Tuesday 1 December 2009

Branch and Place of business registration

for an Overseas Company Trading in the UK

A company incorporated outside the UK may trade in the UK either through a UK subsidiary company or through a branch office. The UK branch may sign contracts which are binding on the overseas company. To register as a branch you must establish a place of business in the UK through which the company conducts its business such that persons resident here can deal with the branch directly.. Places of business which perform operations ancillary to the company’s business are generally not branches within the required meaning. You do not need a place of business in the UK if you wish to incorporate a subsidiary company as opposed to a branch.
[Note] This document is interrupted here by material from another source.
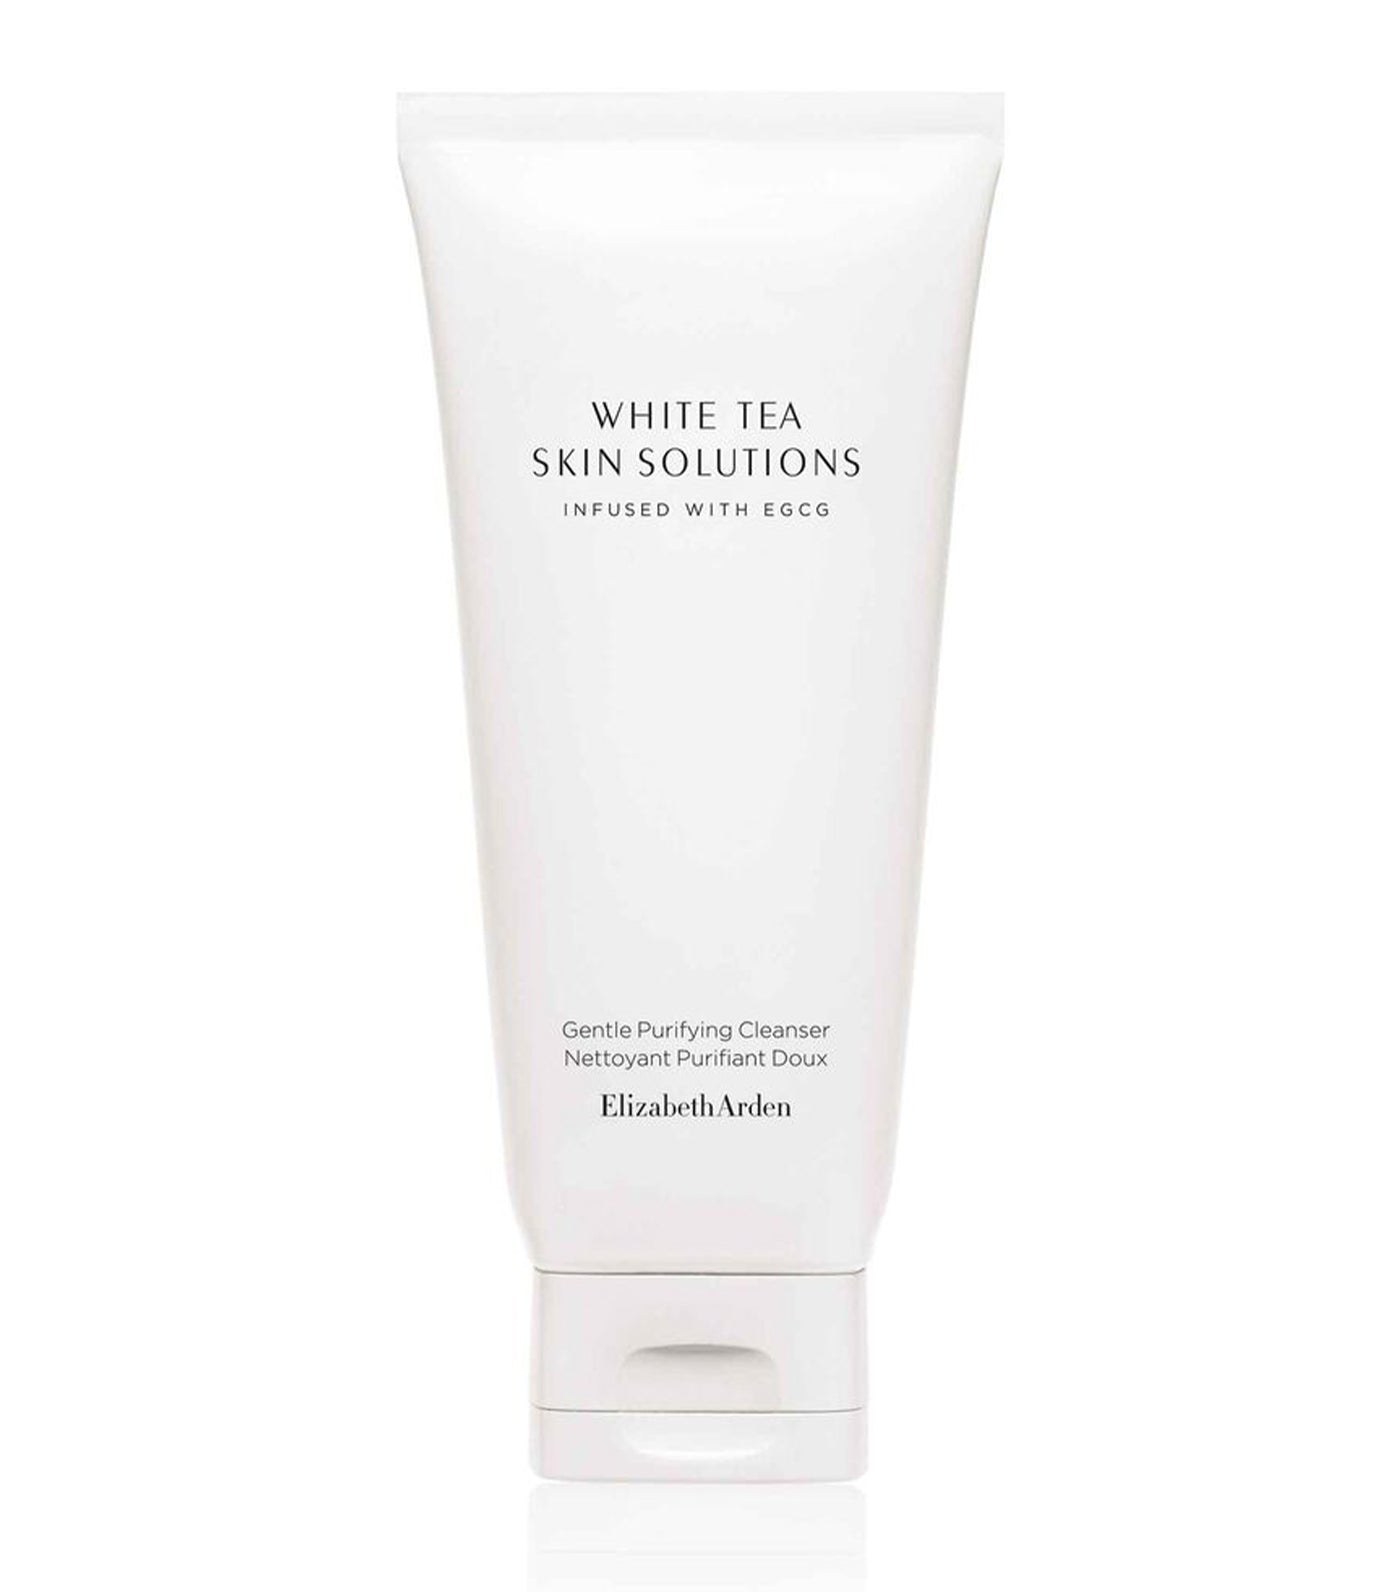 White Tea Skin Solutions Purifying Cleanser

The decision whether to establish a UK branch or to incorporate a UK subsidiary must be taken separately in each case, but is normally based on the following considerations:

Commercial. A subsidiary is often preferable because some UK companies would prefer to do business only with other companies incorporated in the UK. Grants, loans and other finance may also be easier for a UK company to arrange.

Taxation. The relevant considerations are normally the tax system in which the overseas company does business, the terms of any double tax convention with the UK and the expected trading results in the UK. Sometimes it is more advantageous to start with one structure and then to transfer the UK business to the other structure. For example, the starting up costs and initial trading losses of a branch may be deductible from taxable profits of the overseas company in its home country but this advantage will be lost when the UK branch becomes profitable in its own right.

Legal. A UK subsidiary may afford some protection to its parent from trading and other losses or liabilities of the UK operation, since the parent will benefit from its limited liability. However, this will not always be a protection, eg the parent will be fully liable where it has guaranteed the liabilities of the subsidiary.

Audit. A UK incorporated company has (except for certain very small companies) to have a statutory audit of its accounts, whereas an overseas company may be based in a country where this is not necessary.

Publicity of Accounts. A UK company has to file annual accounts which are available for public inspection. A branch has to file the accounts of the overseas company. If the accounts are in a language other than English a translation certified in the prescribed manner must be annexed. The disadvantage of revealing the overseas company’s accounts can be removed by interposing a non-UK company between the overseas company and the branch, so that the branch becomes a branch of the subsidiary of the overseas company.

A branch or subsidiary that has a name containing certain words (eg international, royal) can be required by the Secretary of State to change its name or give reasons justifying its use of the name. (Care should also be taken not to infringe a registered trademark.)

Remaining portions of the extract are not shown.